▶ How to complete this task
Go through the listing below and repeat it exactly, omitting each picture.

▶ Exercise data
+ + + + +
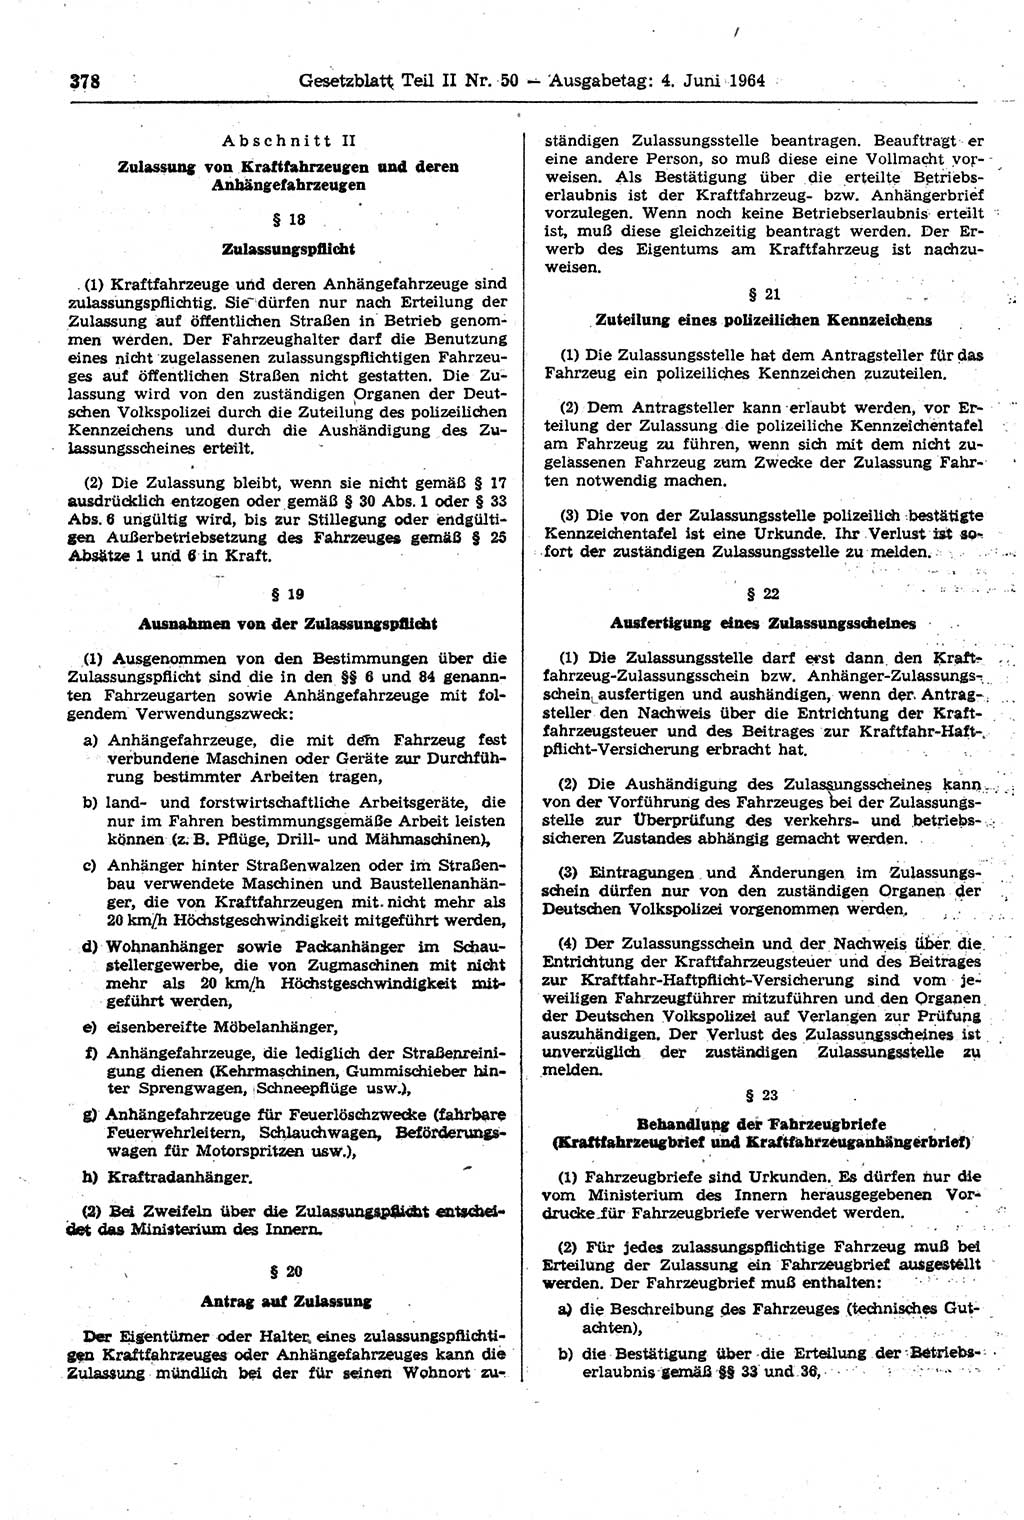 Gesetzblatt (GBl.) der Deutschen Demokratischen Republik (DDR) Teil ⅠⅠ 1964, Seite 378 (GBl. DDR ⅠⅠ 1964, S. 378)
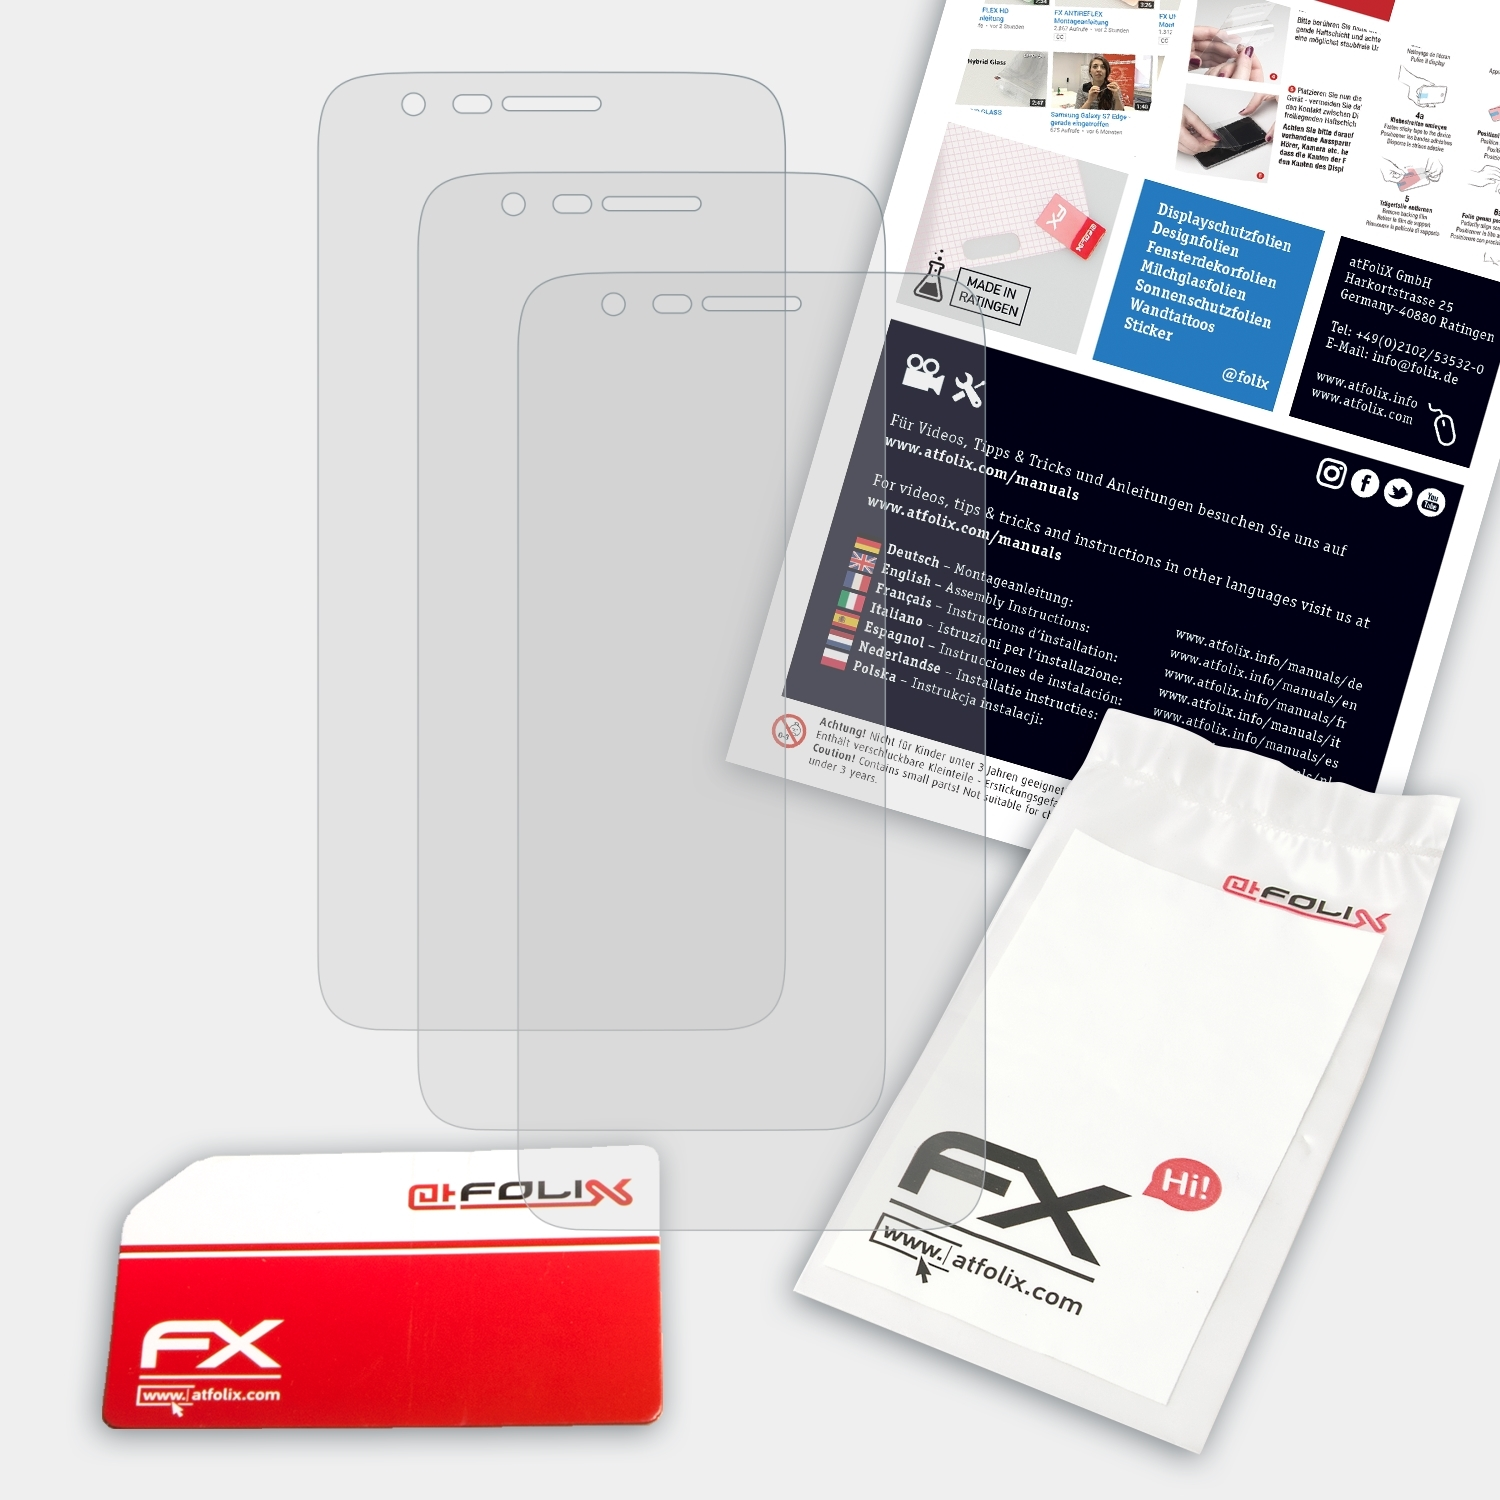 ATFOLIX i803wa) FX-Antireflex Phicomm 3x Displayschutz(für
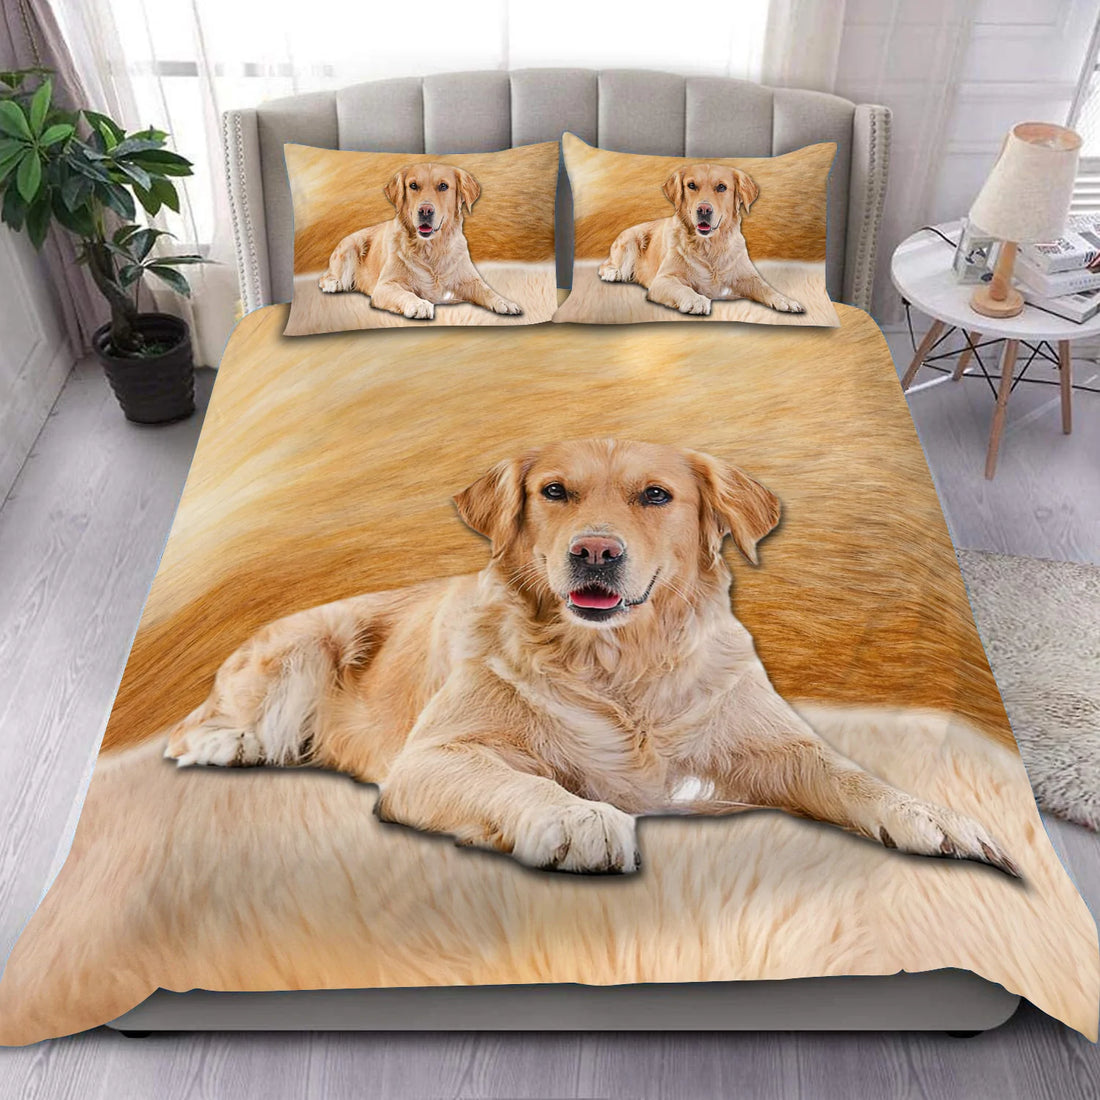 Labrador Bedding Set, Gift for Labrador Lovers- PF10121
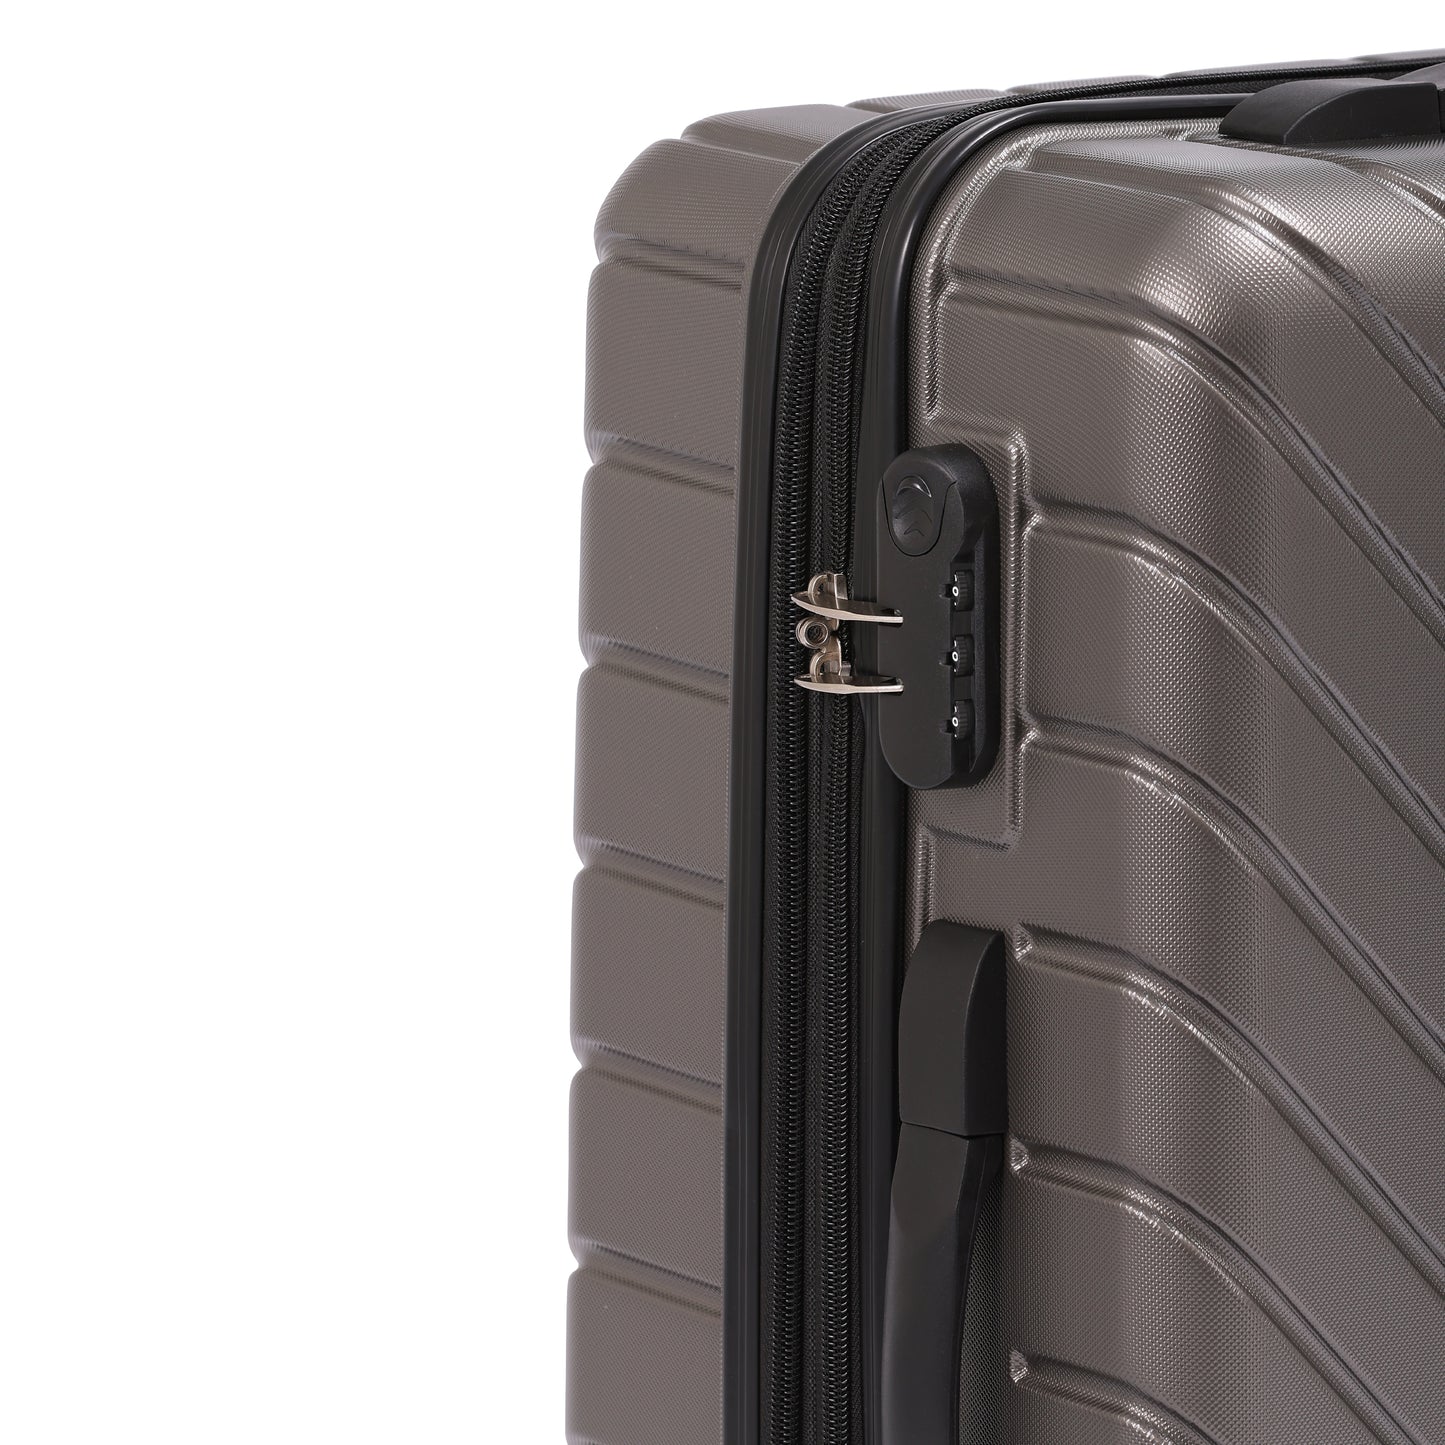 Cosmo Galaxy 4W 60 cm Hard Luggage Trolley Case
+ + + + +
▶ Expected answer
 Gesetzblatt (GBl.) der Deutschen Demokratischen Republik (DDR) Teil ⅠⅠ 1964, Seite 378 (GBl. DDR ⅠⅠ 1964, S. 378)
 ATFOLIX i803wa) FX-Antireflex Phicomm 3x Displayschutz(für
 Labrador Bedding Set, Gift for Labrador Lovers- PF10121
 Cosmo Galaxy 4W 60 cm Hard Luggage Trolley Case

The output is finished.